Thread: {CREATE INDEX, REINDEX} CONCURRENTLY improvements
Hello, In a previous thread [1], we added smarts so that processes running CREATE INDEX CONCURRENTLY would not wait for each other. One is adding the same to REINDEX CONCURRENTLY. I've attached patch 0002 here which does that. Why 0002, you ask? That's because preparatory patch 0001 simplifies the ReindexRelationConcurrently somewhat by adding a struct to be used of indexes that are going to be processed, instead of just a list of Oids. This is a good change in itself because it let us get rid of duplicative open/close of the index rels in order to obtain some info that's already known at the start. The other thing is that it'd be good if we can make VACUUM also ignore Xmin of processes doing CREATE INDEX CONCURRENTLY and REINDEX CONCURRENTLY, when possible. I have two possible ideas to handle this, about which I'll post later. [1] https://postgr.es/m/20200810233815.GA18970@alvherre.pgsql -- Álvaro Herrera Valdivia, Chile
Attachment
> On Mon, Nov 30, 2020 at 04:54:39PM -0300, Alvaro Herrera wrote: > > In a previous thread [1], we added smarts so that processes running > CREATE INDEX CONCURRENTLY would not wait for each other. > > One is adding the same to REINDEX CONCURRENTLY. I've attached patch > 0002 here which does that. > > Why 0002, you ask? That's because preparatory patch 0001 simplifies the > ReindexRelationConcurrently somewhat by adding a struct to be used of > indexes that are going to be processed, instead of just a list of Oids. > This is a good change in itself because it let us get rid of duplicative > open/close of the index rels in order to obtain some info that's already > known at the start. Thanks! The patch looks pretty good to me, after reading it I only have a few minor comments/questions: * ReindexIndexInfo sounds a bit weird for me because of the repeating part, although I see there is already a similar ReindexIndexCallbackState so probably it's fine. * This one is mostly for me to understand. There are couple of places with a commentary that 'PROC_IN_SAFE_IC is not necessary, because the transaction only takes a snapshot to do some catalog manipulation'. But for some of them I don't immediately see in the relevant code anything related to snapshots. E.g. one in DefineIndex is followed by WaitForOlderSnapshots (which seems to only do waiting, not taking a snapshot), index_set_state_flags and CacheInvalidateRelcacheByRelid. Is taking a snapshot hidden somewhere there inside?
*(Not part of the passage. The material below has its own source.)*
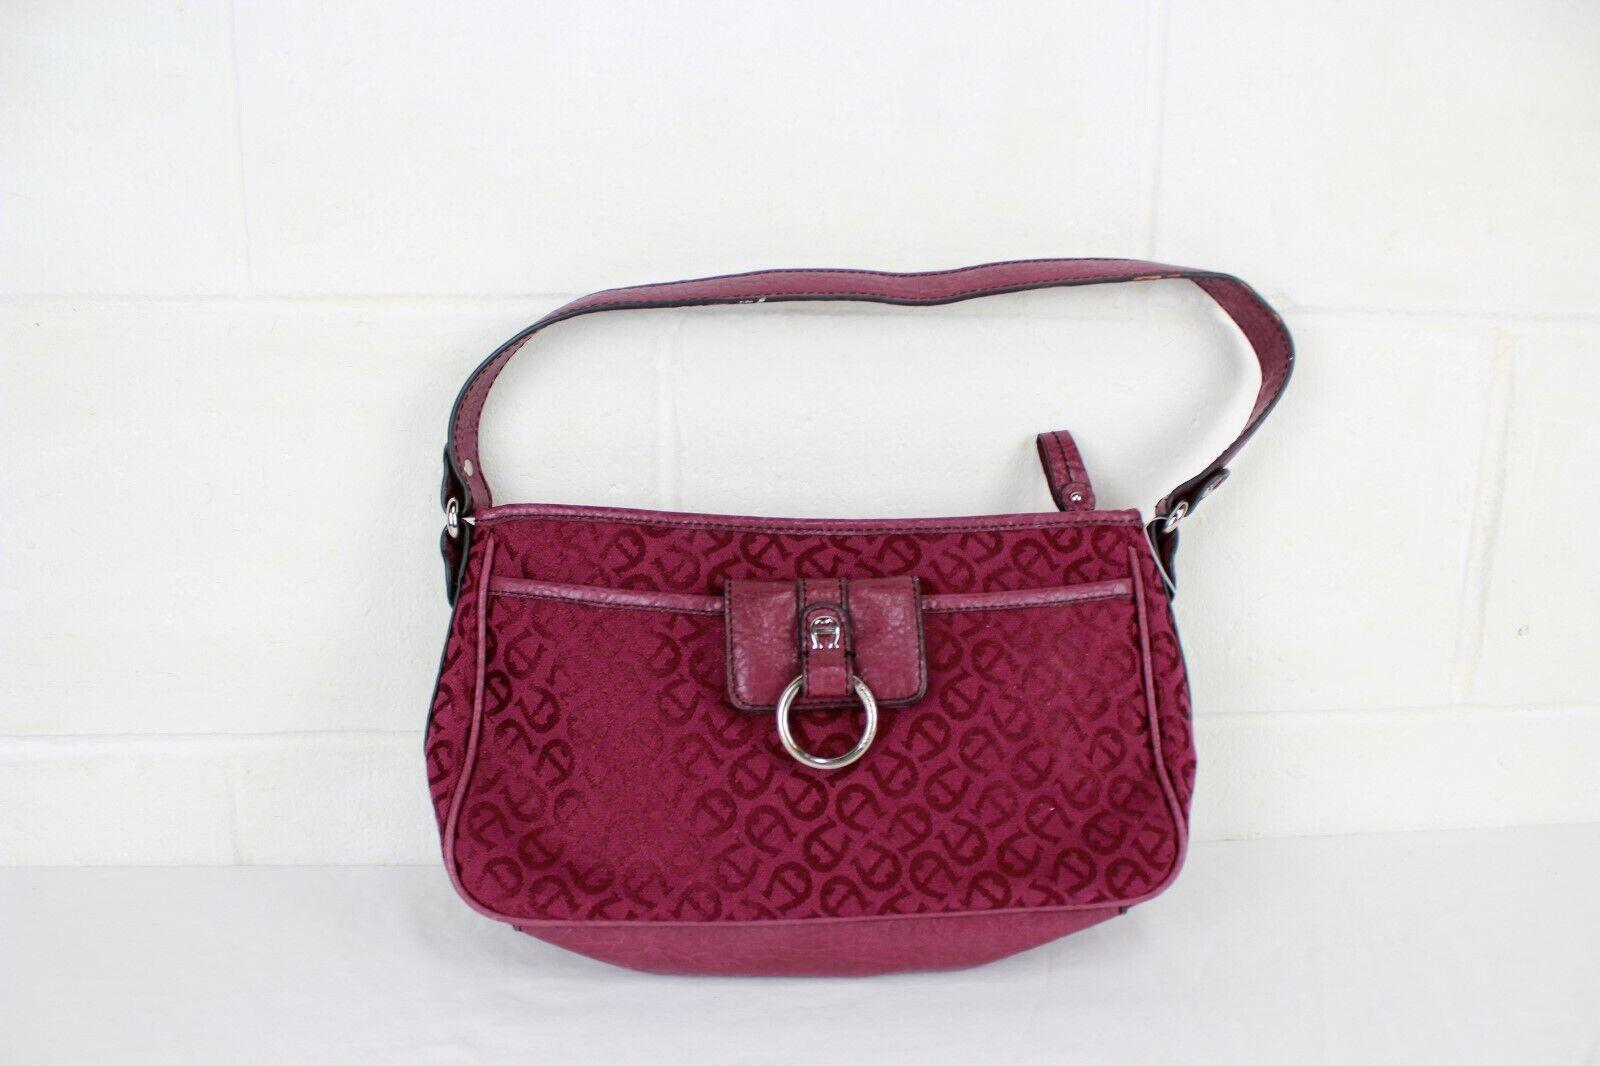 Vintage ETIENNE AIGNER Burgundy singnature logo satchel Handbag Purse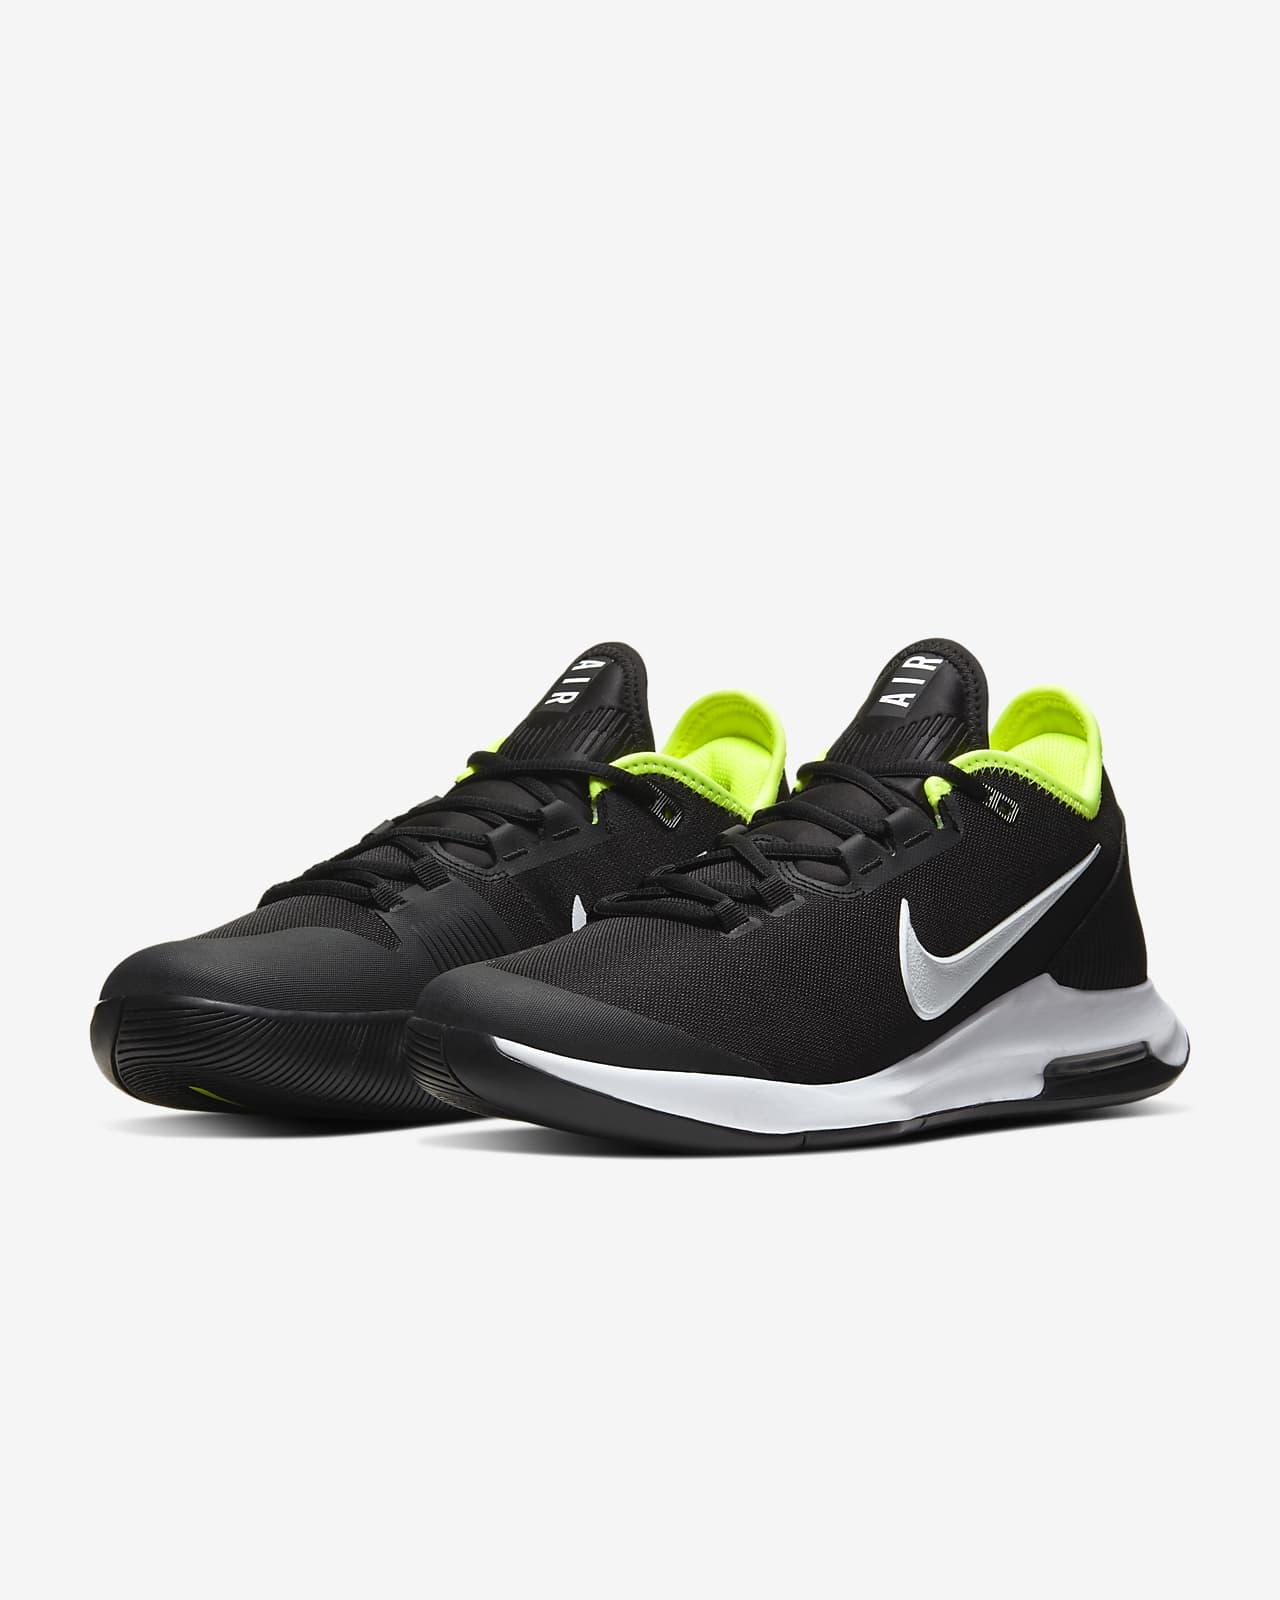 NikeCourt Air Max Wildcard Men's Tennis

On 2020-Dec-04, Dmitry Dolgov wrote: > * This one is mostly for me to understand. There are couple of places > with a commentary that 'PROC_IN_SAFE_IC is not necessary, because the > transaction only takes a snapshot to do some catalog manipulation'. > But for some of them I don't immediately see in the relevant code > anything related to snapshots. E.g. one in DefineIndex is followed by > WaitForOlderSnapshots (which seems to only do waiting, not taking a > snapshot), index_set_state_flags and CacheInvalidateRelcacheByRelid. > Is taking a snapshot hidden somewhere there inside? Well, they're actually going to acquire an Xid, not a snapshot, so the comment is slightly incorrect; I'll fix it, thanks for pointing that out. The point stands: because those transactions are of very short duration (at least of very short duration after the point where the XID is obtained), it's not necessary to set the PROC_IN_SAFE_IC flag, since it won't cause any disruption to other processes. It is possible that I copied the wrong comment in DefineIndex. (I only noticed that one after I had mulled over the ones in ReindexRelationConcurrently, each of which is skipping setting the flag for slightly different reasons.)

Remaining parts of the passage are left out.